First about the don't judge the GSD part, I am by no means saying GSD can't excel from what i have seen they are EXCELLENT and i realise that im by no means saying a GSD is not one heck of a dog, Im just stating that i believe a Malinois might be right for me as much or more so! I'm still willing to get a shepherd if i come across one thats a good Working line dog (Probably European) one of the main reasons i mentioned Malinois is because any one can have a shepherd as long as they get a good amount of exercise and trainning, But a Malinois i don't know if i will have the energy i have in 20-30 years from now , Try now when i can offer the most, right? I would love to have a Malinois seeing as im in my early 20's and then my very next dog will be a working GSD and after a long time with both i will decide which is the better dog for me. Please do not say i'm judging the breed. I don't believe that to be true.


----------



## Skye~

wildo said:


> The more Mals I see (and of course owning one [potentially a mix]) the more I absolutely love them. They are more compact, more agile, higher drive, more compliant, require less corrections, etc, etc. Yes- those are over generalizations, but they are my observations having met a few. I can't say I've met as many Mals as perhaps Packen has since IPO folks probably see a lot of them. Still, I'm rather sold on the breed over a GSD.
> 
> That said- you definitely need to go MEET a bunch of them before really committing. I have two friends who are both dog trainers and dog entertainers for a living. They both have Mals. Their dogs are part of a "3 shows per day, 7 days a week" dog exhibition. After the shows they often go for a hike between 3 and 10 miles, as well as swimming, training, disc work, ball play, etc. They are probably the most active people (and dogs) I have EVER met. And with all of that, one of the Mals has to sleep in the garage because she still has so much energy that she won't settle. Don't get me wrong- she's an AMAZING dog and would give you every ounce of energy she has. But think twice if you're thinking that just being in an all-day training class is enough to tire them out.
> 
> It would be plenty to tire out my mali boy though...
> 
> Mals rock my world. Would I consider getting a purebred one from a breeder in the future? Without question... But I'd be VERY thorough in choosing a breeder.
> 
> [EDIT]- I would also add that every Mal I've met has been worked and titled in multiple dogs sports. While I disagree completely that they "don't make good pets" I totally agree that they MUST be worked. I can tell that my lifestyle is borderline NOT active enough for a Mal. My little guy has a lot of energy and I can always tell when he needs more work; he'll start a bit of tail chasing. Luckily I know enough to know that that's frustration and boredom; I don't allow the behavior. I immediately get off my ass and work him. They do need a good amount of stimulation! All of the Mals I've met have been flyball, disc dog, and agility dogs.

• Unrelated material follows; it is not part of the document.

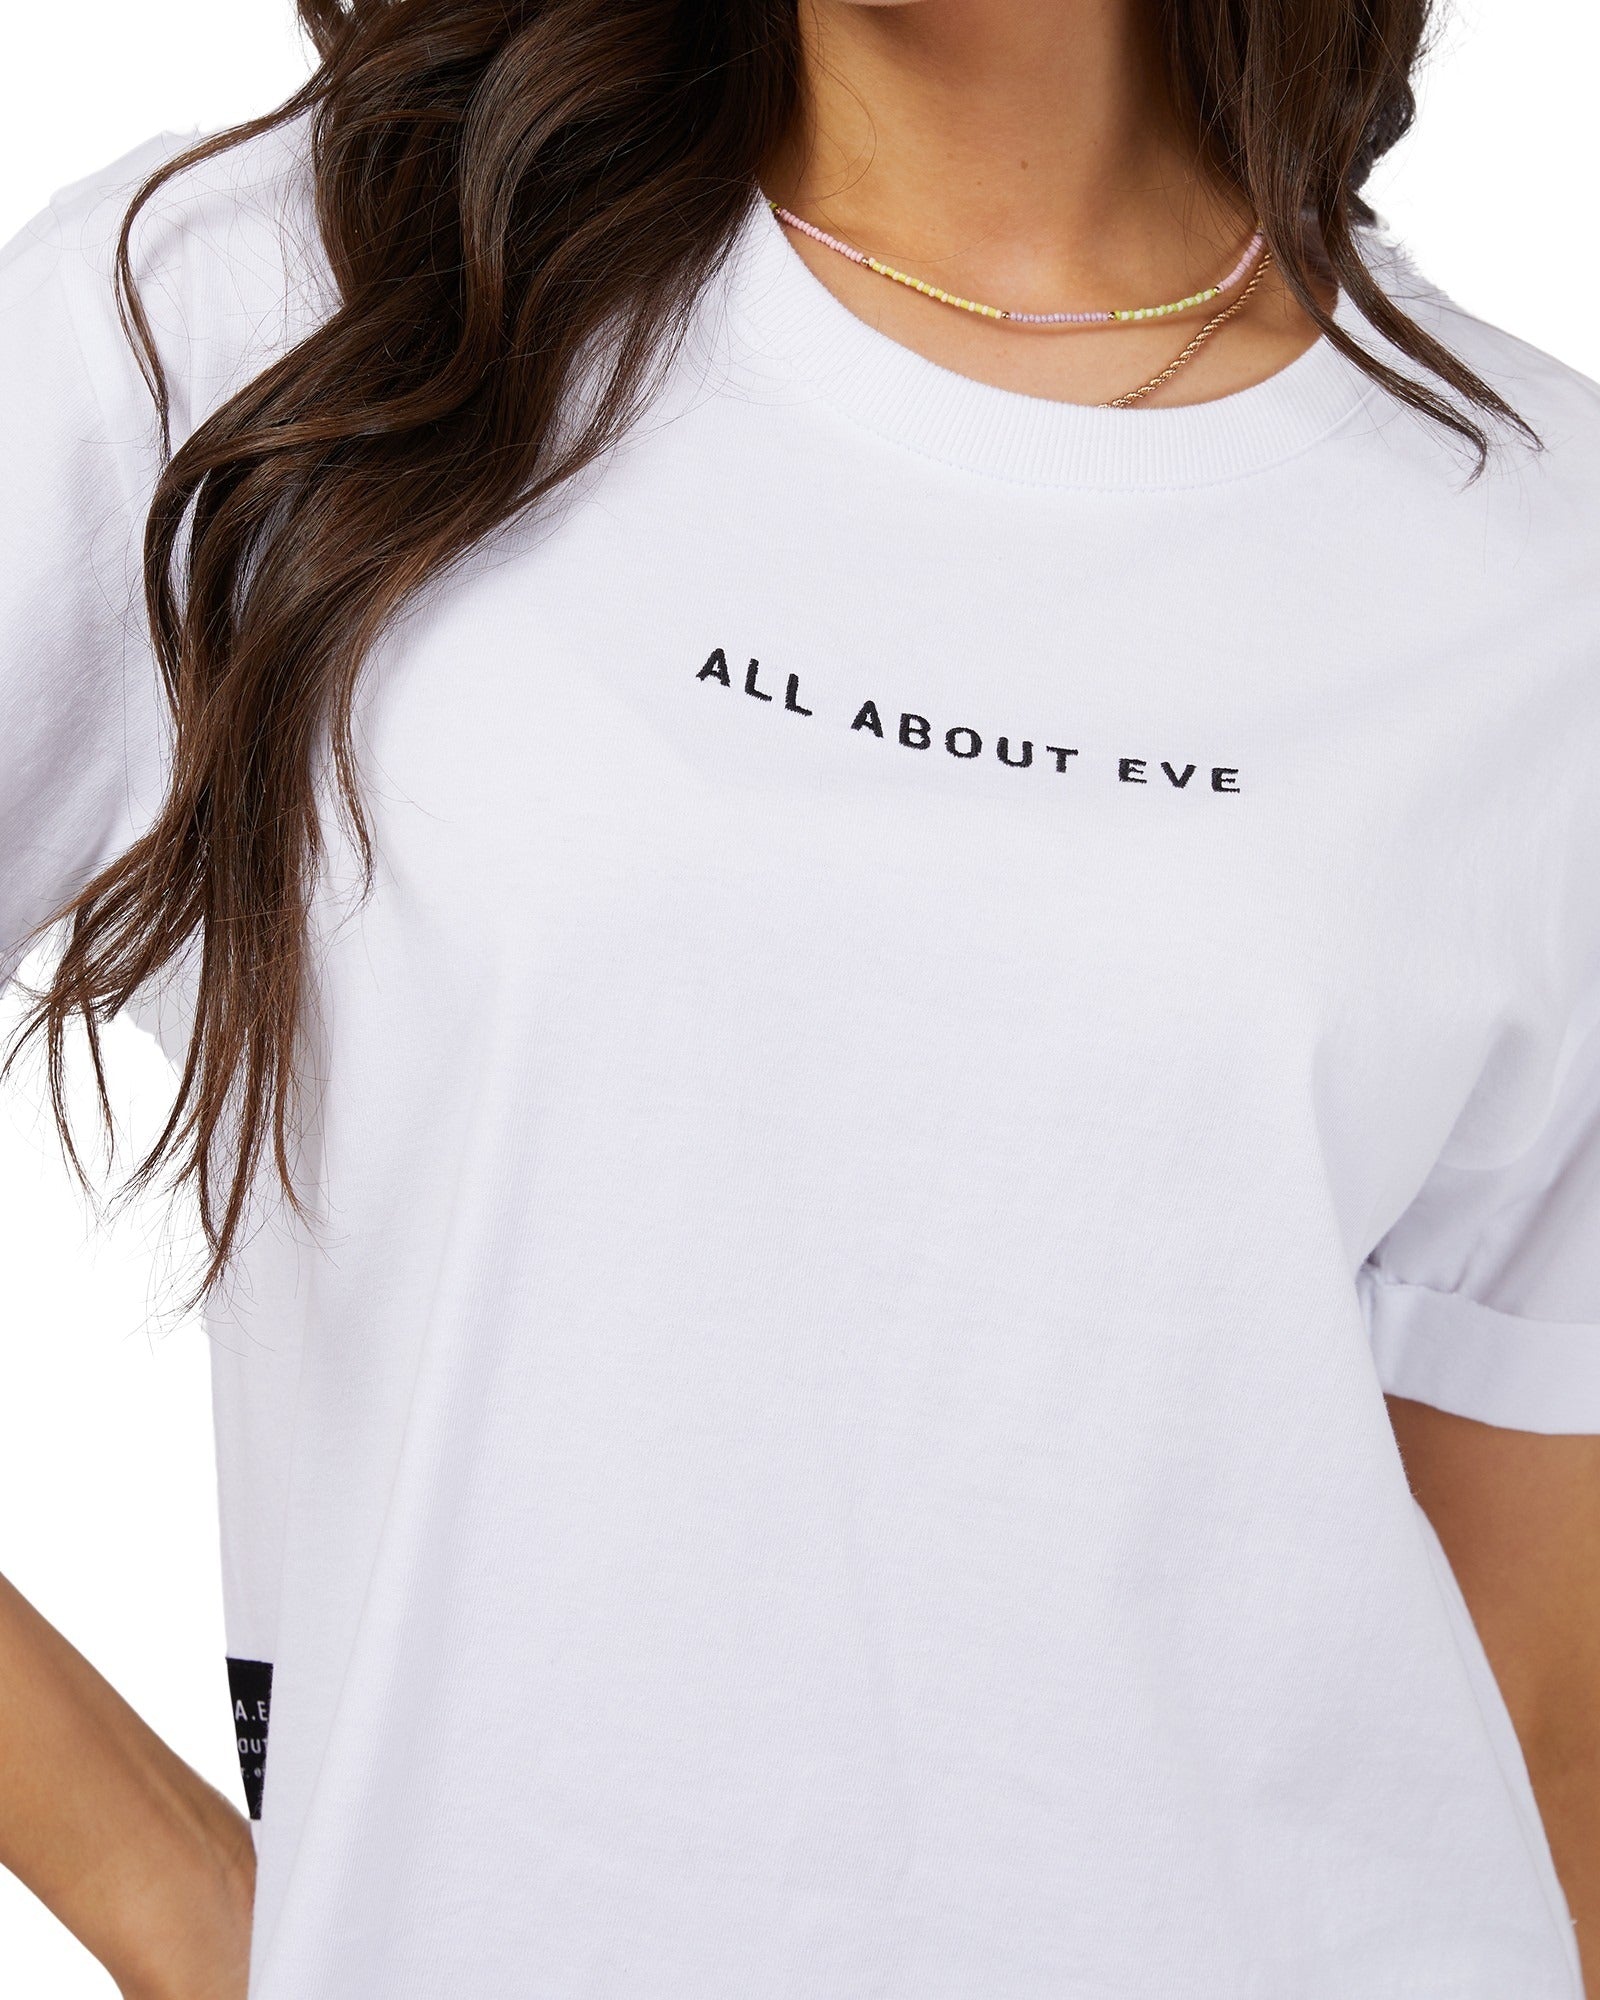 All About Eve - Washed Tee - White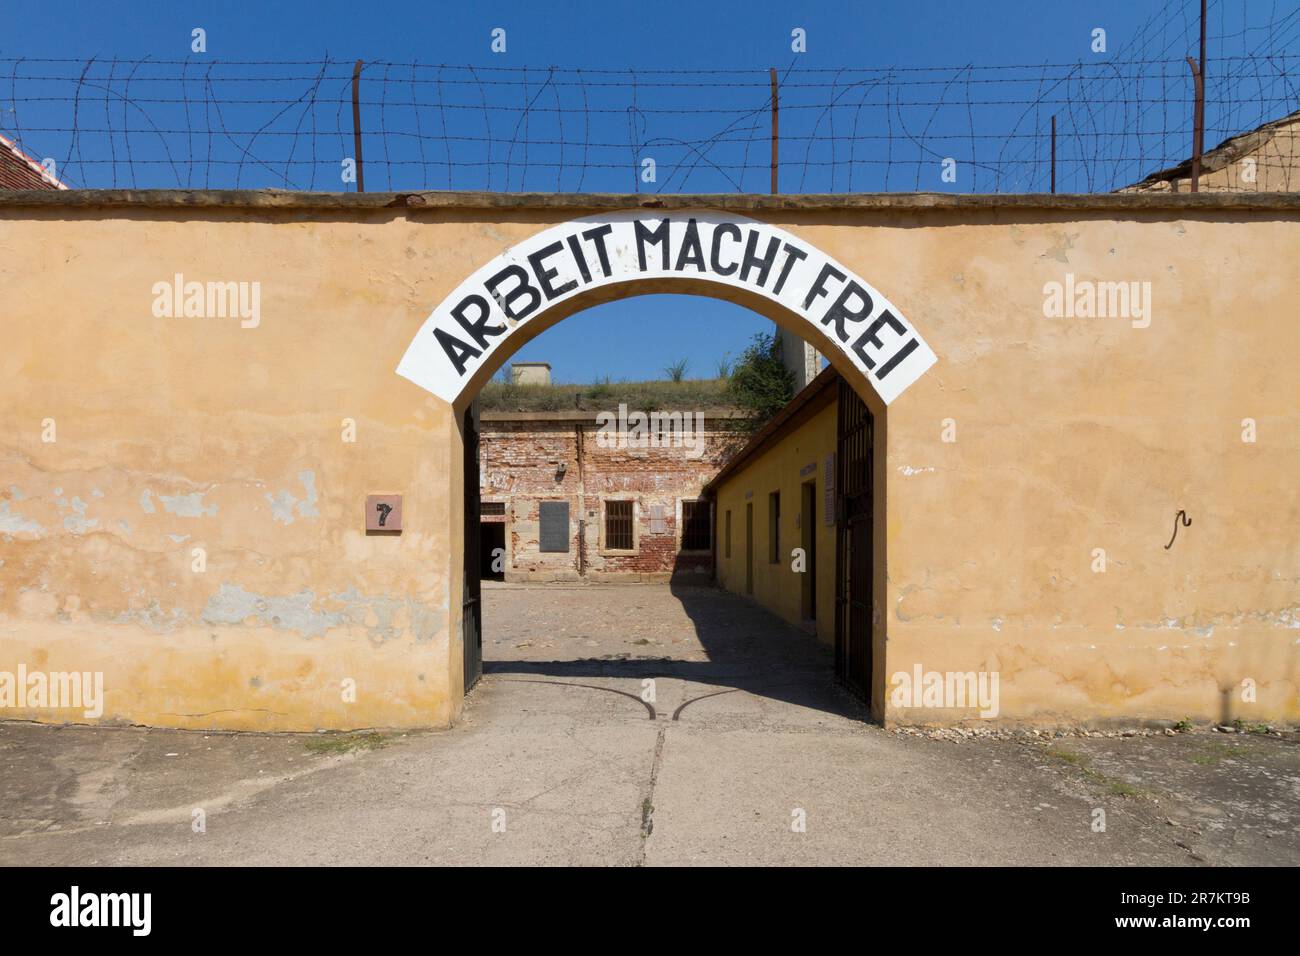 Gate with the slogan "Arbeit macht frei" in the Small Fortress of Terezín (Theresienstadt concentration camp) Stock Photo

Thank you, You are right i will be going to visit some SchH clubs and maybe some breeders to check out this breed more so i need a better feel of them for sure before i buy a puppy. Thank you for your input.


----------



## Capone22

wildo said:


> The more Mals I see (and of course owning one [potentially a mix]) the more I absolutely love them. They are more compact, more agile, higher drive, more compliant, require less corrections, etc, etc. Yes- those are over generalizations, but they are my observations having met a few. I can't say I've met as many Mals as perhaps Packen has since IPO folks probably see a lot of them. Still, I'm rather sold on the breed over a GSD.
> 
> That said- you definitely need to go MEET a bunch of them before really committing. I have two friends who are both dog trainers and dog entertainers for a living. They both have Mals. Their dogs are part of a "3 shows per day, 7 days a week" dog exhibition. After the shows they often go for a hike between 3 and 10 miles, as well as swimming, training, disc work, ball play, etc. They are probably the most active people (and dogs) I have EVER met. And with all of that, one of the Mals has to sleep in the garage because she still has so much energy that she won't settle. Don't get me wrong- she's an AMAZING dog and would give you every ounce of energy she has. But think twice if you're thinking that just being in an all-day training class is enough to tire them out.
> 
> It would be plenty to tire out my mali boy though...
> 
> Mals rock my world. Would I consider getting a purebred one from a breeder in the future? Without question... But I'd be VERY thorough in choosing a breeder.
> 
> [EDIT]- I would also add that every Mal I've met has been worked and titled in multiple dogs sports. While I disagree completely that they "don't make good pets" I totally agree that they MUST be worked. I can tell that my lifestyle is borderline NOT active enough for a Mal. My little guy has a lot of energy and I can always tell when he needs more work; he'll start a bit of tail chasing. Luckily I know enough to know that that's frustration and boredom; I don't allow the behavior. I immediately get off my ass and work him. They do need a good amount of stimulation! All of the Mals I've met have been flyball, disc dog, and agility dogs.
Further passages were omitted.